Обо всем этом я говорю предположительно, без научных претензий. Мы несем в нашем теле – тело "прошлое", тело древнее, можно сказать, тело рептилии. С другой стороны, наблюдая развитие человеческого зародыша, можно представить себе появление рептилии на одной из первоначальных стадий развития. Скажем так: эта рептилия, появившаяся на очень ранней стадии эмбриона, подготовила базу для формирования "мозга рептилии".

Я спрашивал себя: каким образом могла использоваться и использовалась эта первоначальная энергия; каким образом – посредством различных техник, выработанных в разных традициях, – искался доступ к тому "прошлому", тому древнему телу человека. Я проделал множество путешествий, я прочел множество книг, я нашел множество следов того, что искал. Некоторые из этих следов оказались столь же потрясающими, как и сами явления; например, в Черной Африке техника жителей пустыни Калахари заключается в том, чтобы – как они сами говорят – заставить "вскипеть энергию". Они это делают посредством танца, исполняемого с исключительной точностью. Этот танец, очень сложный, даже запутанный (к тому же он длится долгими часами), не мог быть использован в качестве инструмента в моей работе: во-первых, он слишком сложен; во-вторых, он слишком связан со структурой мышления жителей пустыни Калахари; в-третьих, для людей Запада было бы просто немыслимо продержаться столь долгое время без угрозы потерять психическое равновесие. Однако не вызывало сомнения, что в танце Калахари в действие приходило именно "тело рептилии". Где можно было найти еще несколько похожих явлений? В области Зар в Эфиопии, например; и в празднествах "вуду" африканского племени йоруба, или еще в некоторых техниках – к примеру, практикуемых народом бауле. Но все упомянутое чрезмерно усложнено, находится на грани с "заумью", из него невозможно извлечь простой инструмент.

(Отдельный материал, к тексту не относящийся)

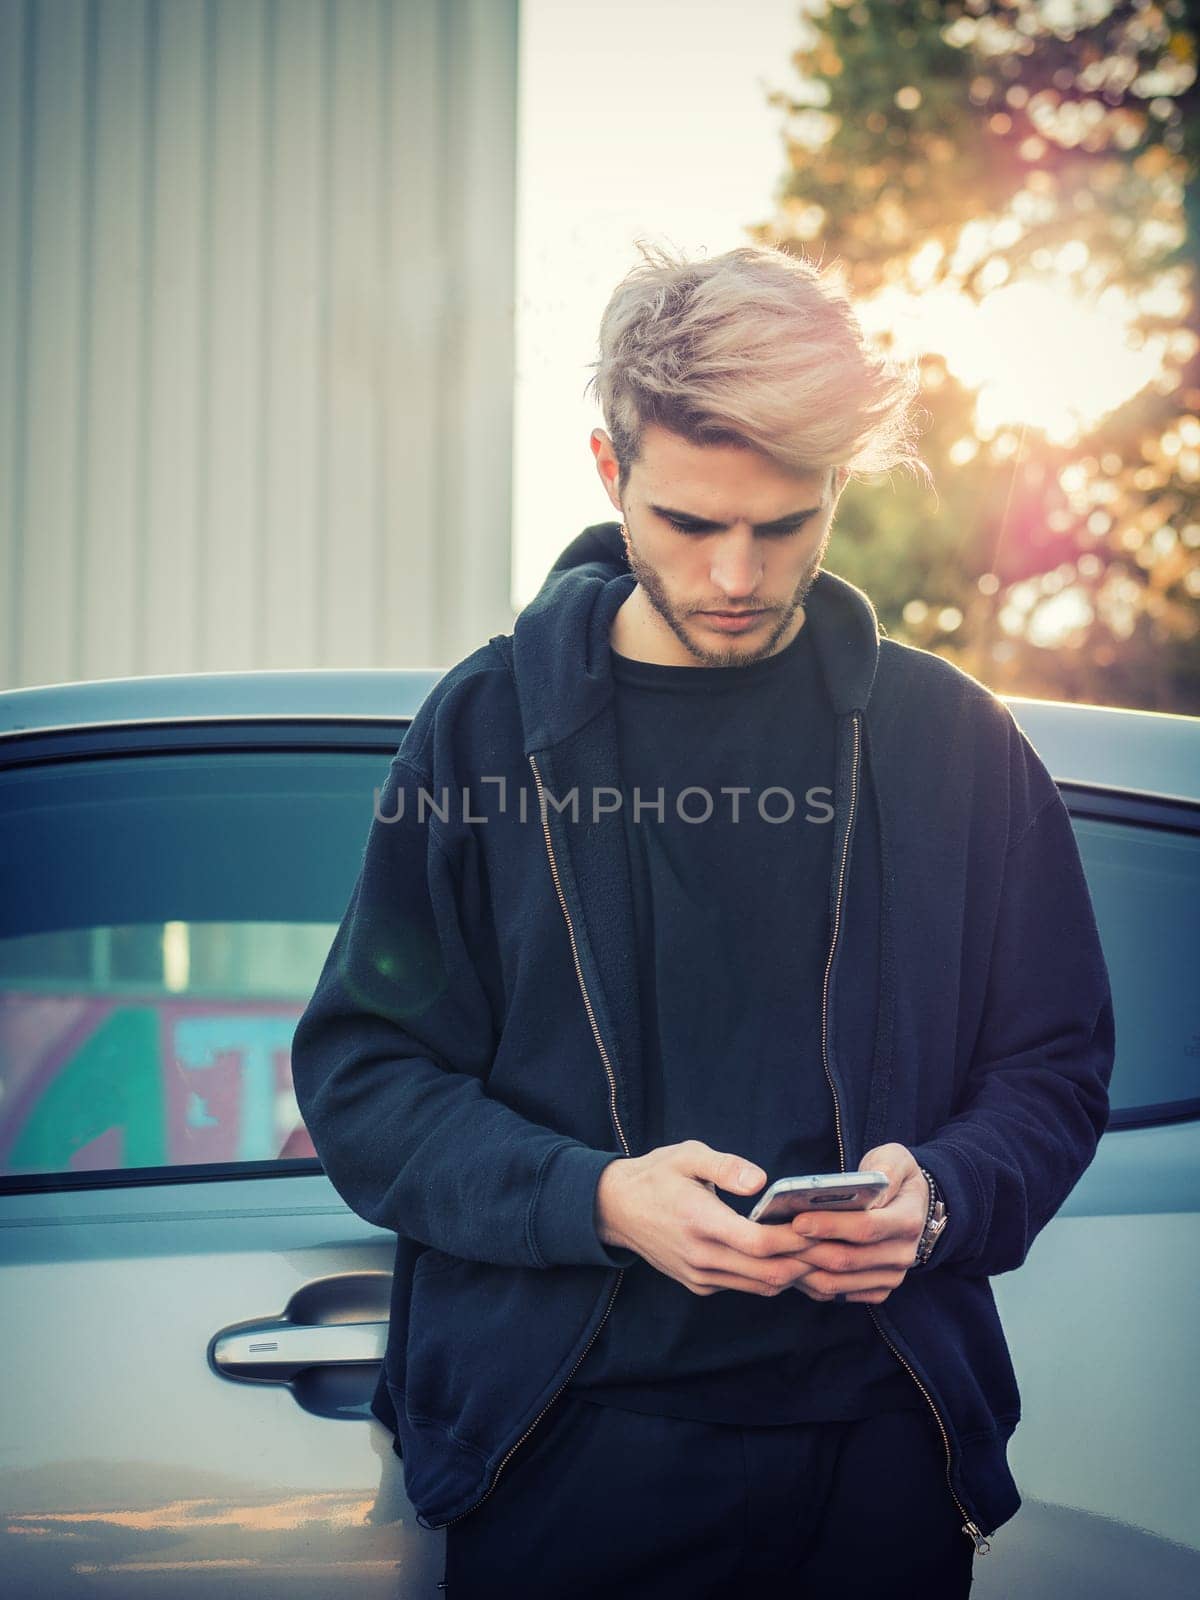 A man standing in front of a car looking at his cell phone. Photo of a man using his cell phone while standing in front of a car

Теперь давайте взглянем на то, что происходит с явлениями, производными от традиций. В районах проживания караибов, а в еще большей степени на Гаити существует тип танца (он называется "yanvalou" – "янвалу"), который можно связать, скажем, с мистерией, с божественностью; под влиянием христианизации этих племен его называют также танцем покаяния. Тут все проще, тут мы имеем образ действия, более просто и непосредственно связанный с "рептильным телом". И тут ничего нет странного. Можно сказать, и даже совершенно определенно, что в нем все происходит артистично: тут есть точный шаг и даже точные па, есть свой особенный темпоритм, а корпус пронизывается волнами движения – весь корпус, а не только позвоночник. И если вы танцуете его, скажем, вместе с теми песнями, что посвящены змее Дамбалла, то сама манера петь и передавать вибрации голоса помогает движениям корпуса. Мы тем самым присутствуем при проявлении нескольких вещей, которыми мы и в самом деле можем полностью овладеть в артистическом смысле – как элементами танца и пения.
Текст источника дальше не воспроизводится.